Still, England did rule the waves. The way they built their ships in the 1800s, junior officers and the wounded bunked in a pit called the cogge, which morphed into cockpit. Despite rampant rumors, the term doesn’t come from the space where roosters fight to the death.

That brings us to the word you’ve all been waiting for. In his 1866 paper On Aerial Locomotion, Francis Wenham coined aeroplane—although he used it to refer to straight, nonflexing wings like those found on beetles, instead of flapping wings like birds. After the Wrights succeeded, the Brits began using it to refer to their flying machines, and so Americans began using it too—only in our distaste for their spelling (Colour? Flavour? Aluminium? Come on!), we eventually altered it to airplane.

As an aside, a real pilot never says plane. “A plane’s something you use to shave wood,” an instructor once spat at me. This guy wore a toupee and had a single, curly black hair growing from the bridge of his nose, and he looked scary enough that I never said plane again—unless I needed to shave wood.
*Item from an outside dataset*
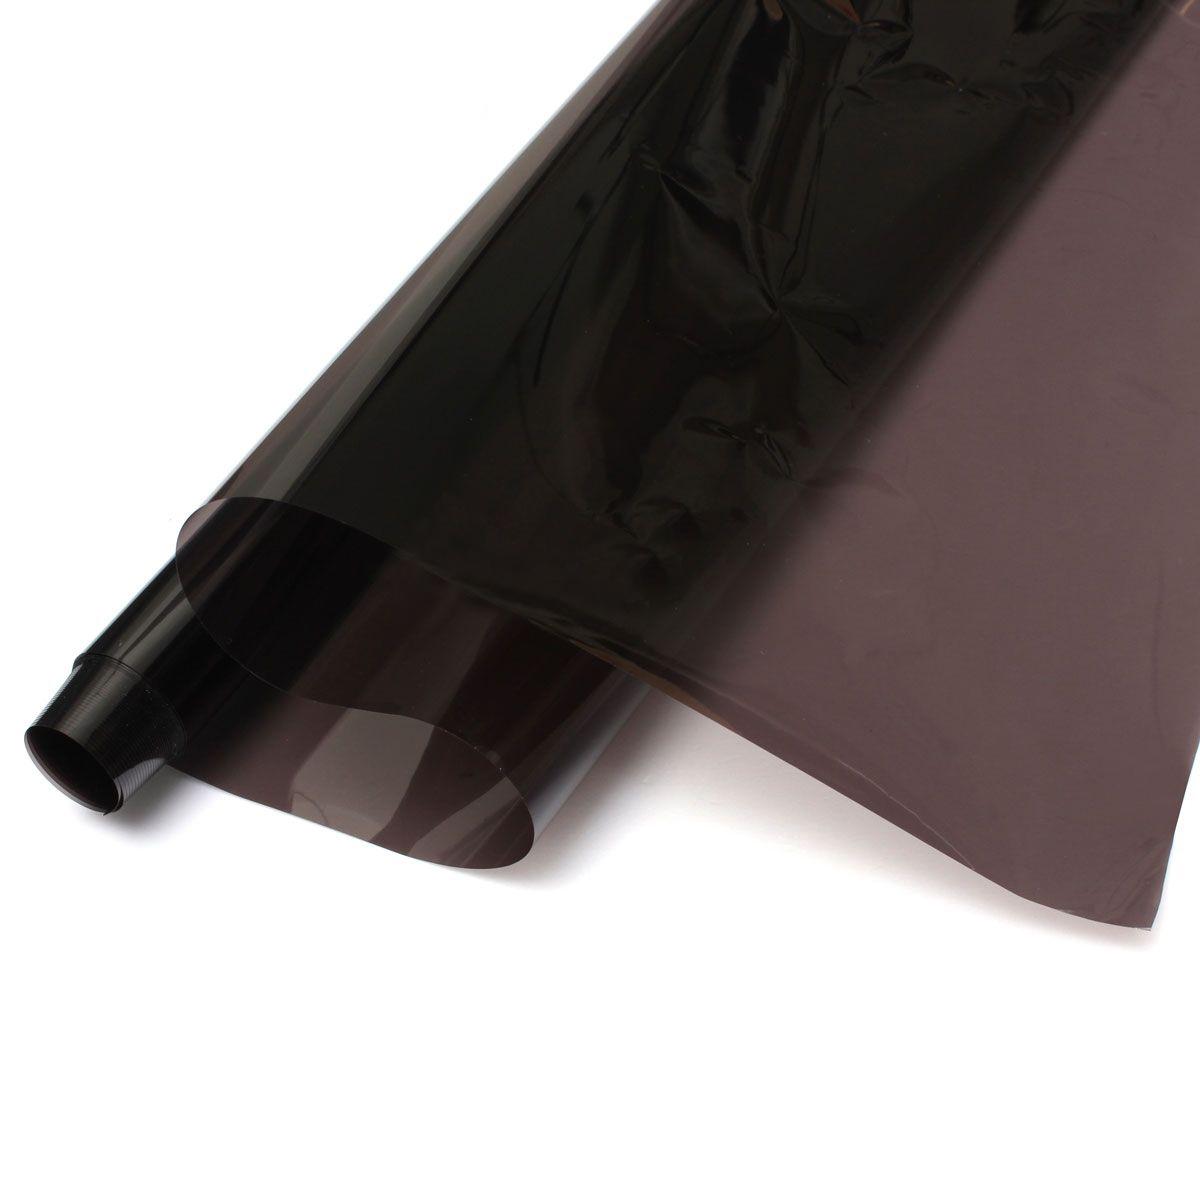 car auto home window glass tint film tinting vlt ultra limo black 3mx50cm d1m5 ebay. Black Bedroom Furniture Sets. Home Design Ideas

The Wrights co-opted the nautical word rudder, which is so old that it’s actually Old German for oar, one of which the Vikings used to steer their vessels when they went to conquer England. Go back even further to ancient Greece, whose word for oar is pedon. That’s how the French steersman became known as the pilote. Yeah, sorry, Orville and Wilbur, but aeroplanist just didn’t make the cut.